On a recent commission, I was asked build and install a storage unit under a set of stairs.  I was looking for a close match in color and grain pattern to the 1980 hemlock timber frame home my client owns.  We went to Jarmak Reclaimed Wood in Oxford, MA.  There we found an amazing selection of old wood from barn siding to factory timbers.   Jarmak had hemlock “Mushroomwood”, used in a mushroom growing facility.  These boards looked quite old, had very uniform color and texture, and as a bonus were 1x8x16’ long.   Normally I have to buy at least two times as many boards to get enough useable material.  These boards were not inexpensive but the length and quality saved a fair amount of labor.   The finished product looks like it has always been there. 
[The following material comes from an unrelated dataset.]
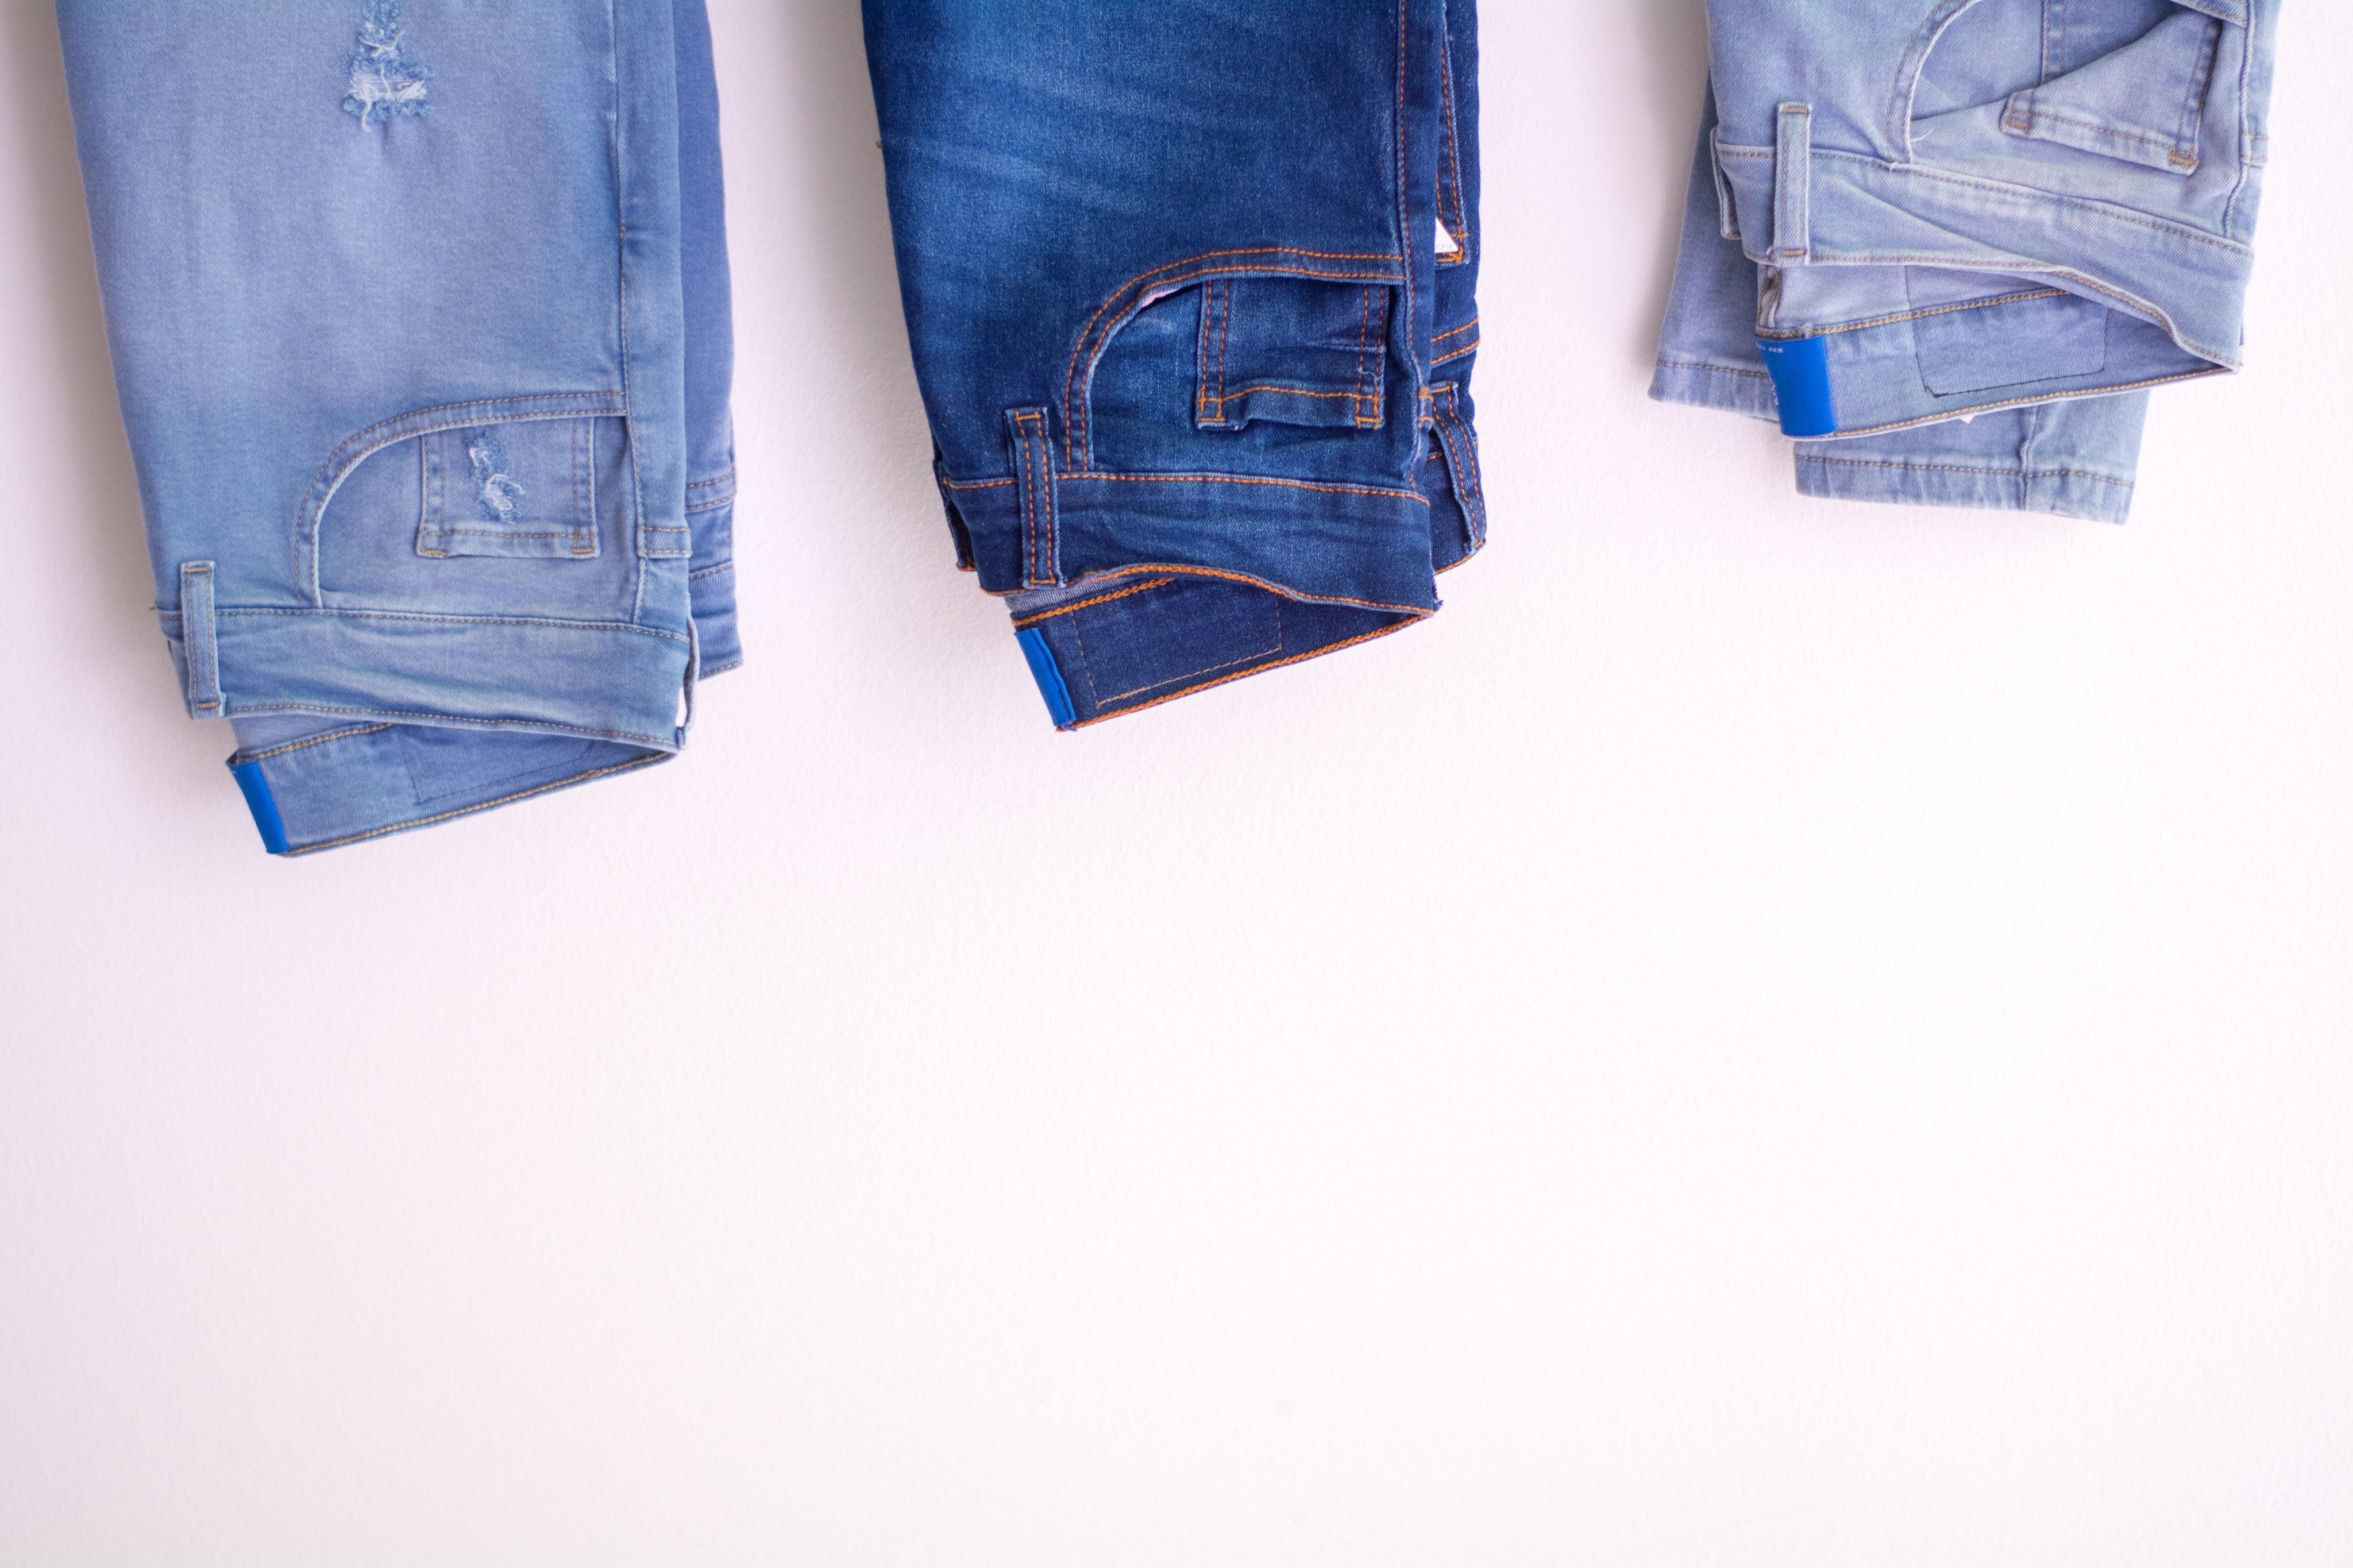 5 предметов гардероба, от которых стоит отказаться хотя бы ради здоровья
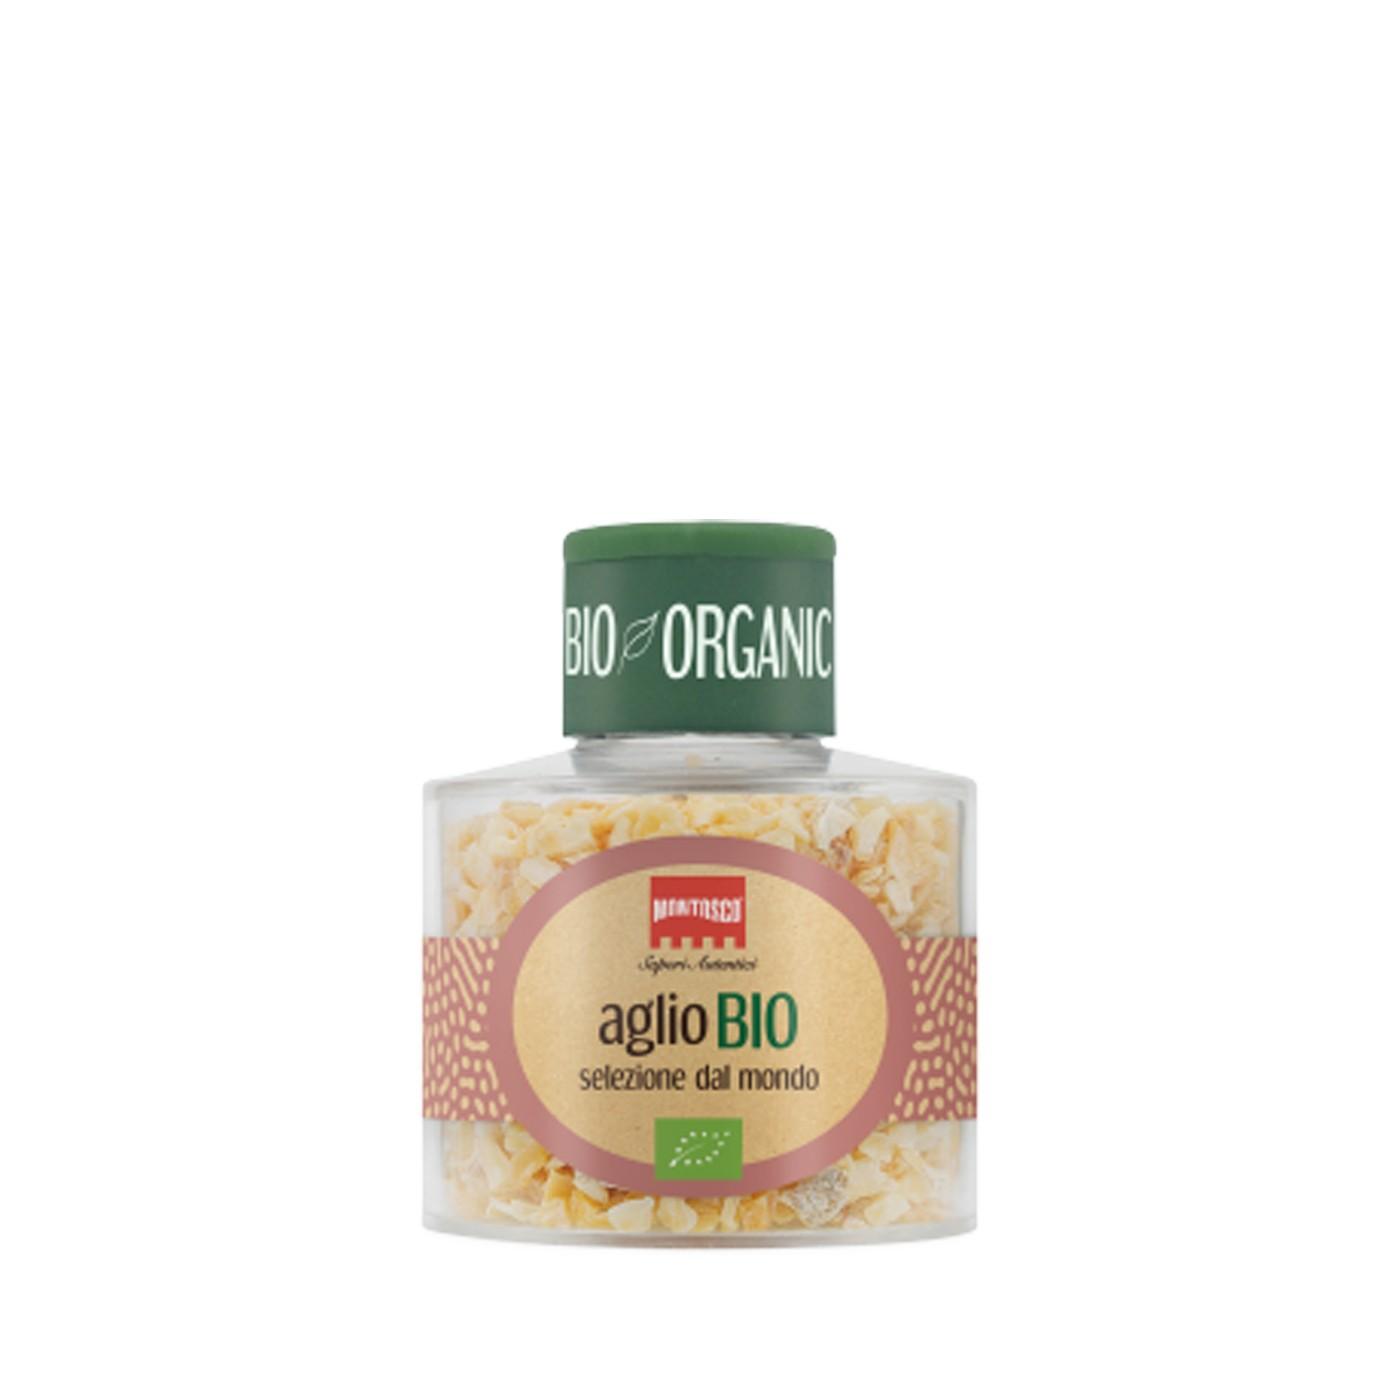 Organic Garlic 1.46 oz

My experience with woodworking and building has been primarily with new materials, but have used reclaimed materials many times.  When asked to source and use reclaimed materials, I’ve learned a few valuable lessons.  It requires a different mindset regarding fit and finish.   For example, when sourcing plumbing or electrical fixtures, it may cost more than new ones to install in a way that meets safety and building codes.  Getting doorknobs, hinges and other hardware to work properly can be challenging.   Where does it have to fit perfectly?   How much can you sand or machine the wood without damaging or losing the age old patina?   We can help you answer these questions to ensure a beautiful installation that will stand another test of time.